An exact copy of the data is needed, one that excludes all pictures.

→ RECORDED DATA
=== Section Start ===

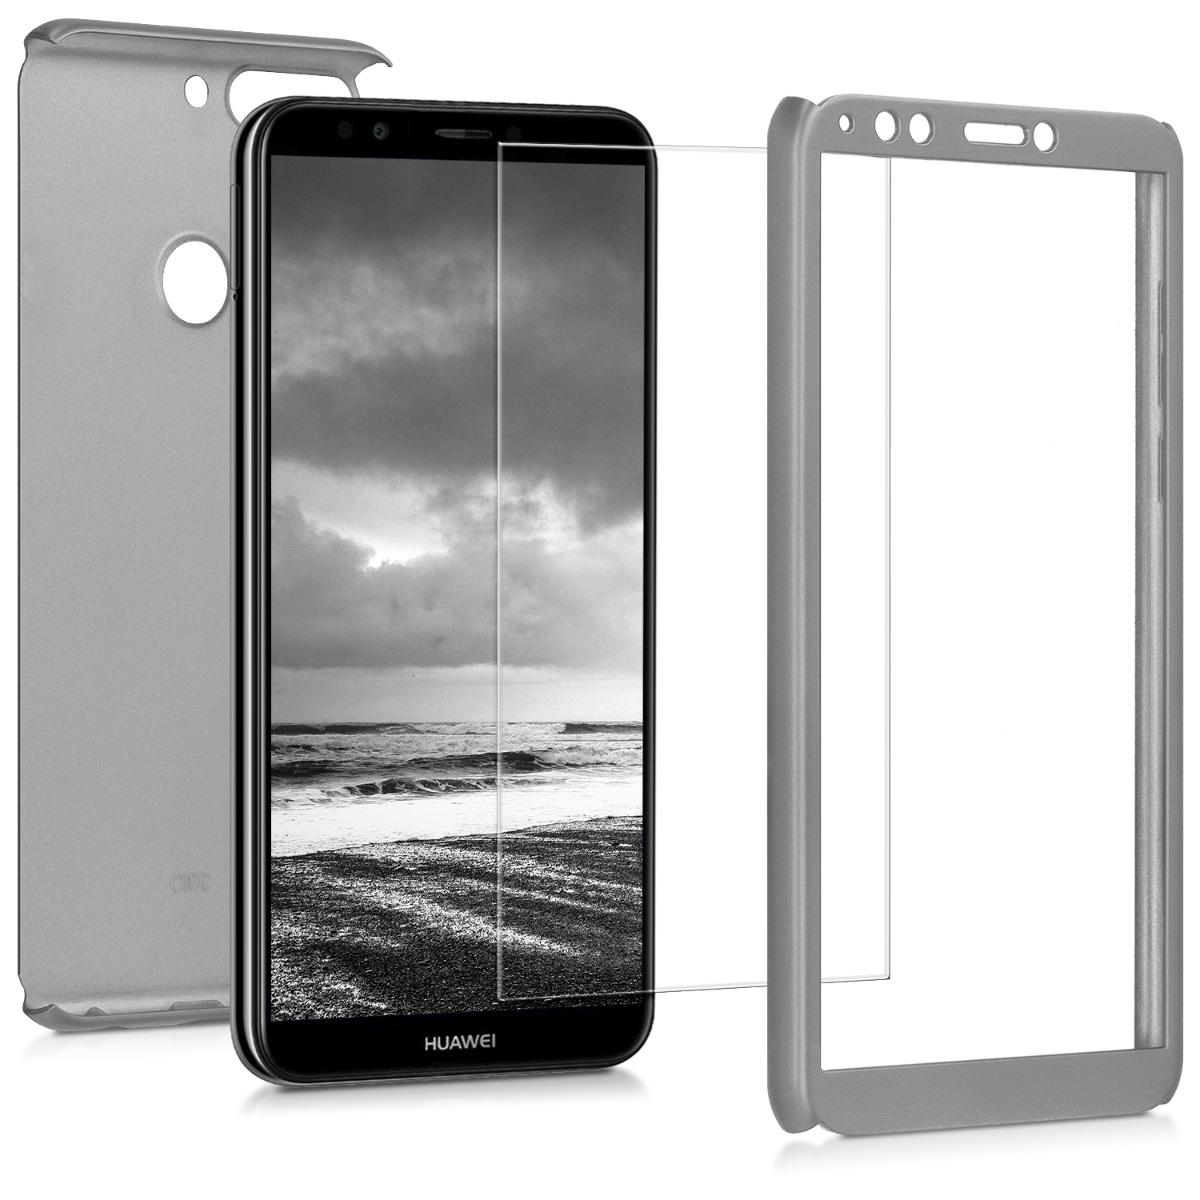 KW Θήκη Full Body Huawei Y7 (2018) /Y7 Prime (2018) & Screen Protector - Metallic Silver (45640.67)
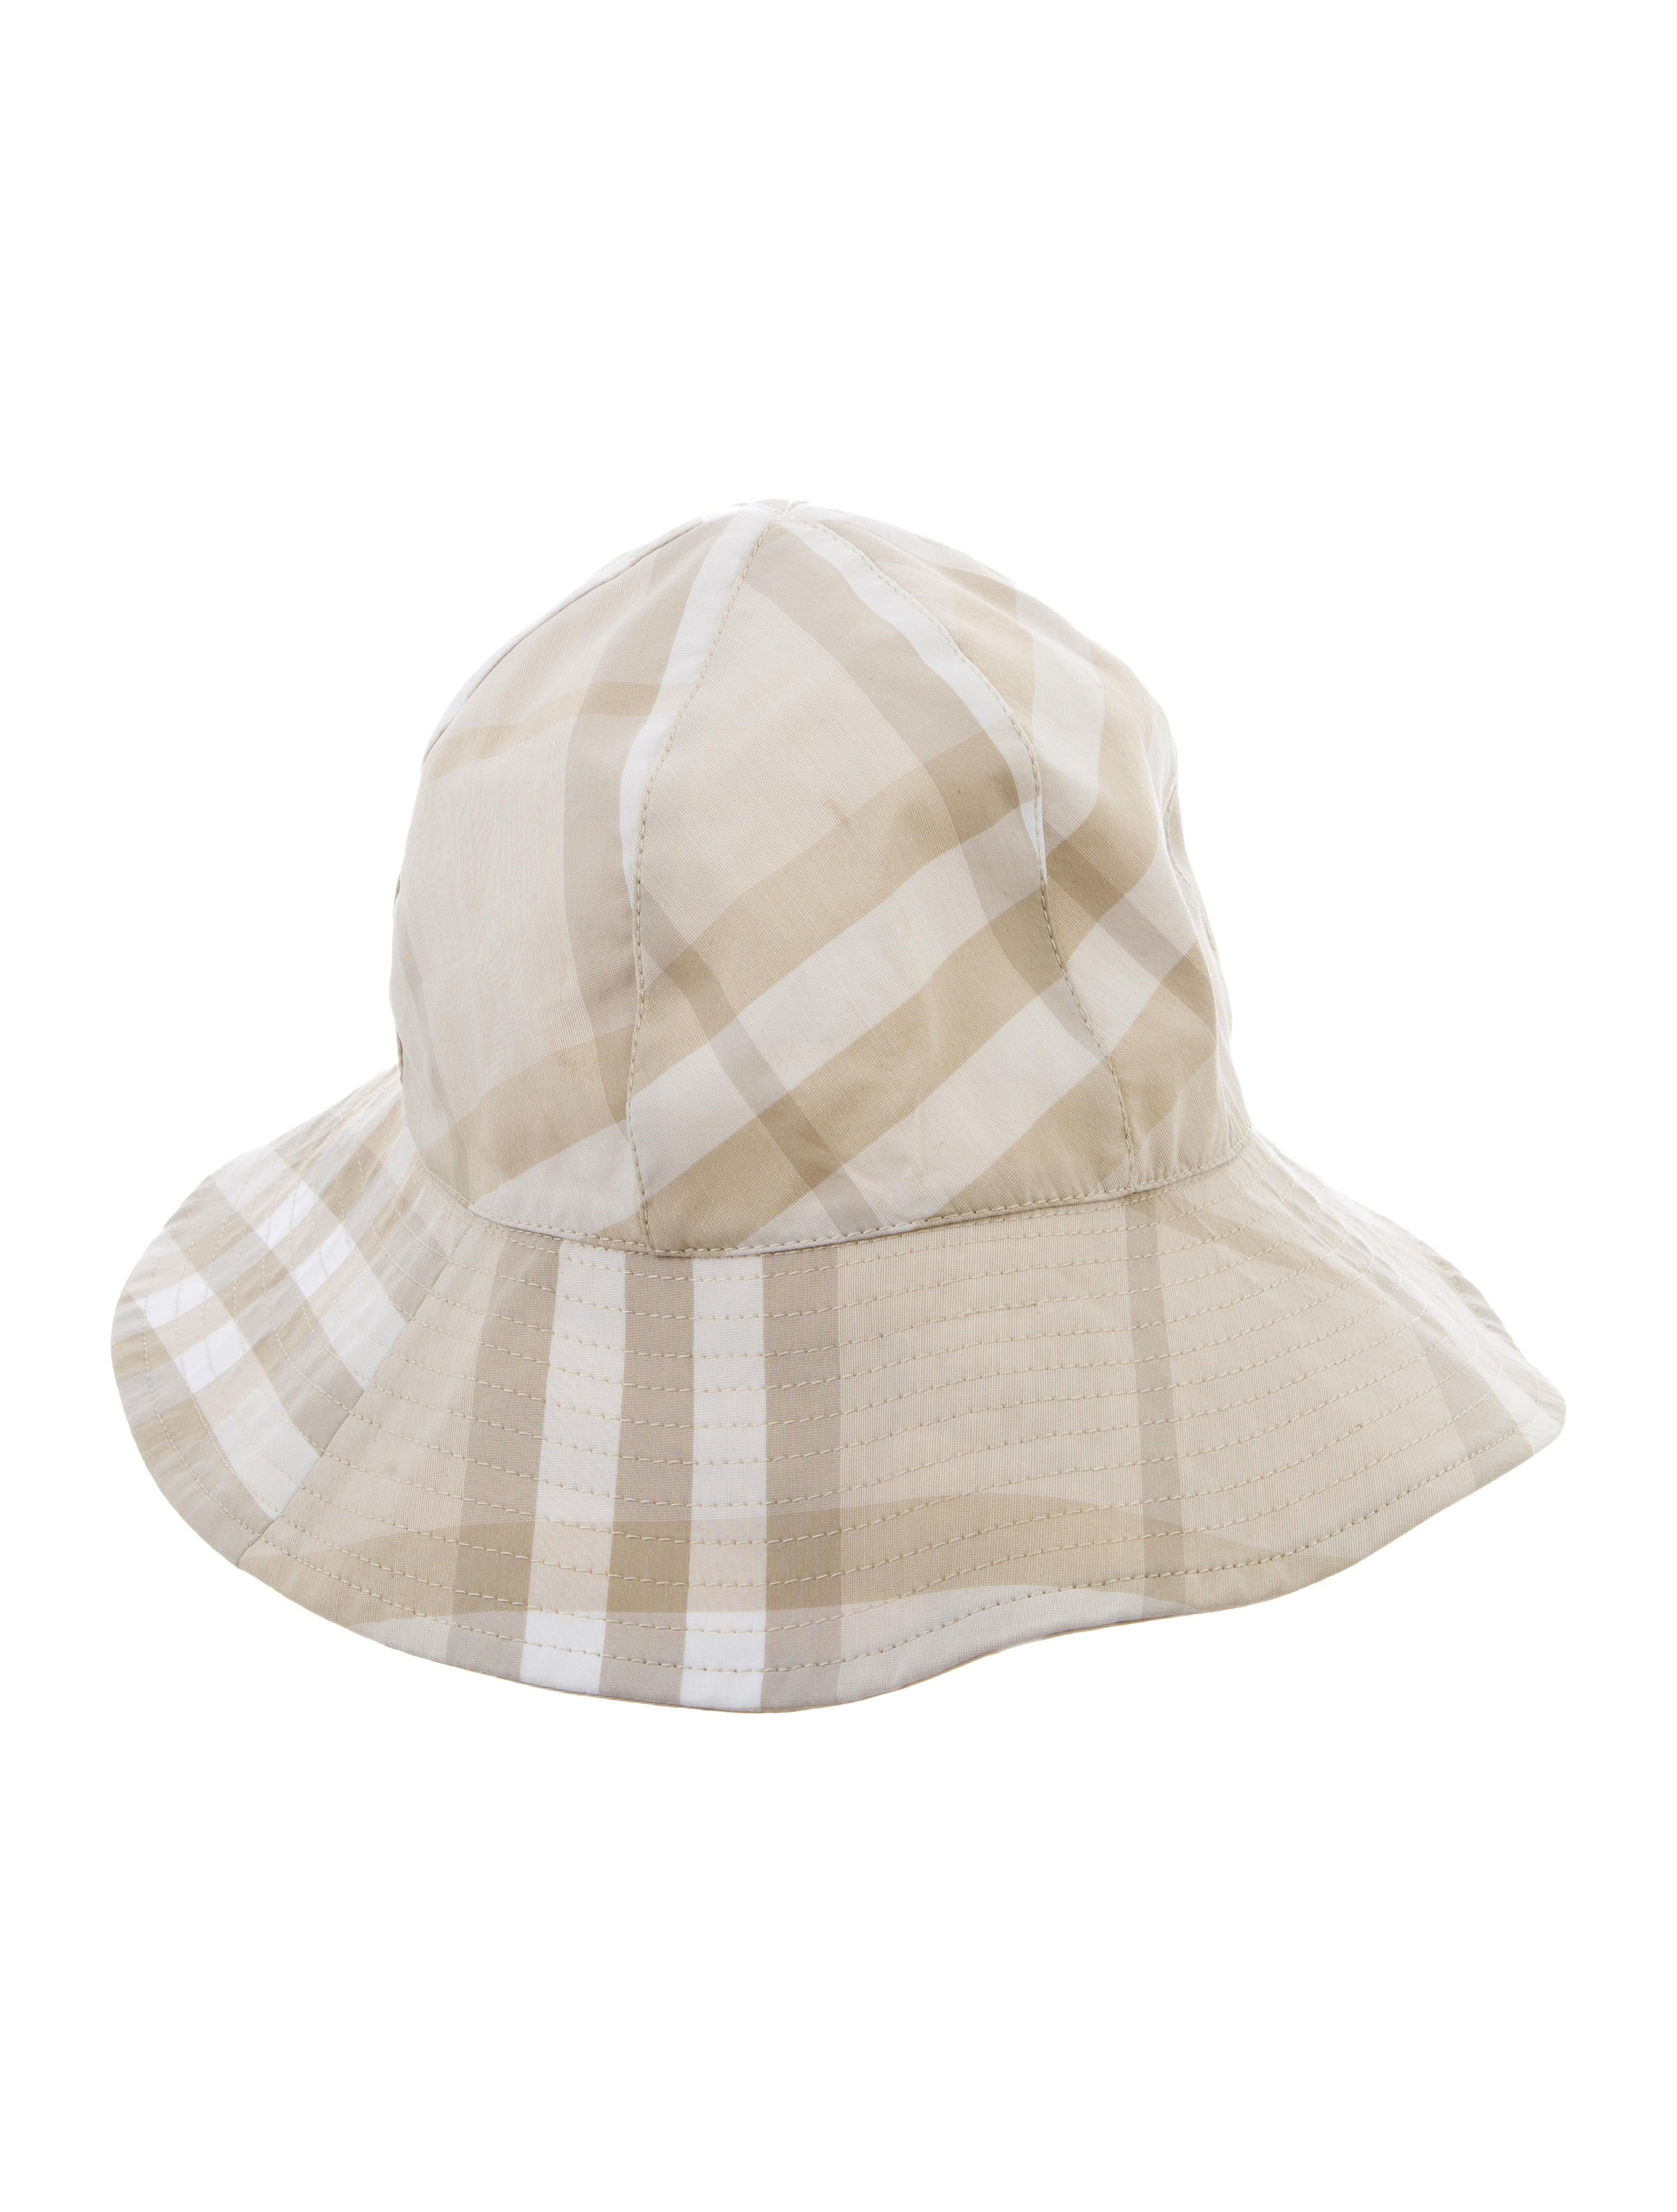 Burberry Nova Check Bucket Hat - Accessories - BUR86590  dd77ab5ca38
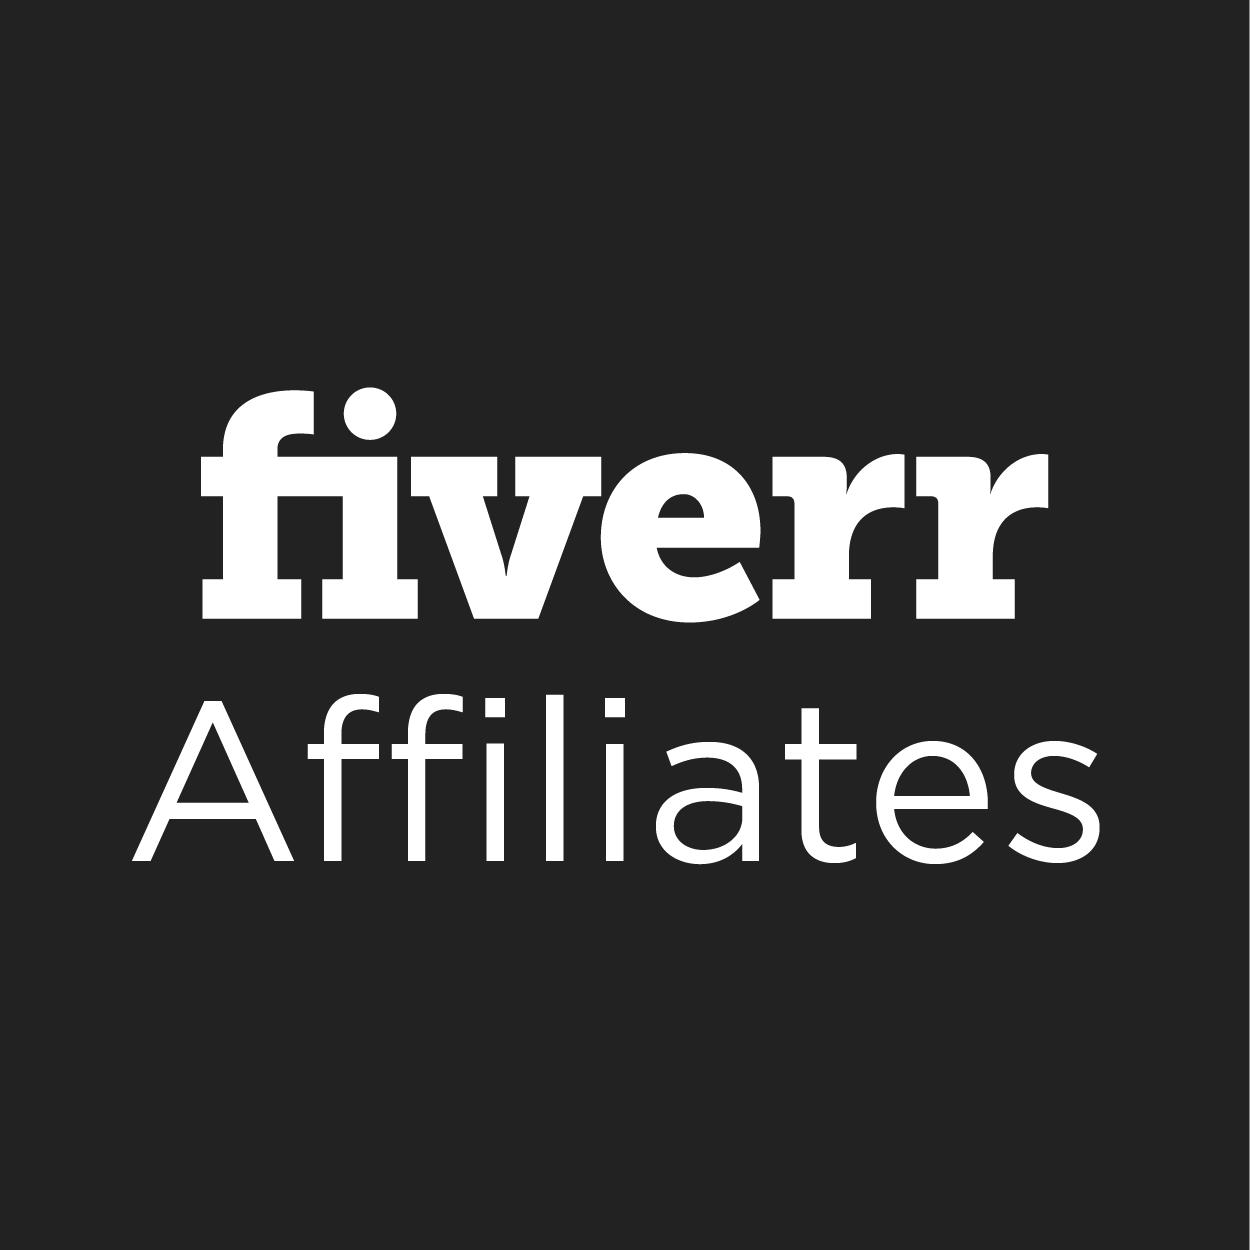 Fiverr Affiliates reviews, beoordelingen en ervaringen

=== Section End ===

→ EXPECTED ANSWER
 KW Θήκη Full Body Huawei Y7 (2018) /Y7 Prime (2018) & Screen Protector - Metallic Silver (45640.67)
 Burberry Nova Check Bucket Hat - Accessories - BUR86590  dd77ab5ca38
 Fiverr Affiliates reviews, beoordelingen en ervaringen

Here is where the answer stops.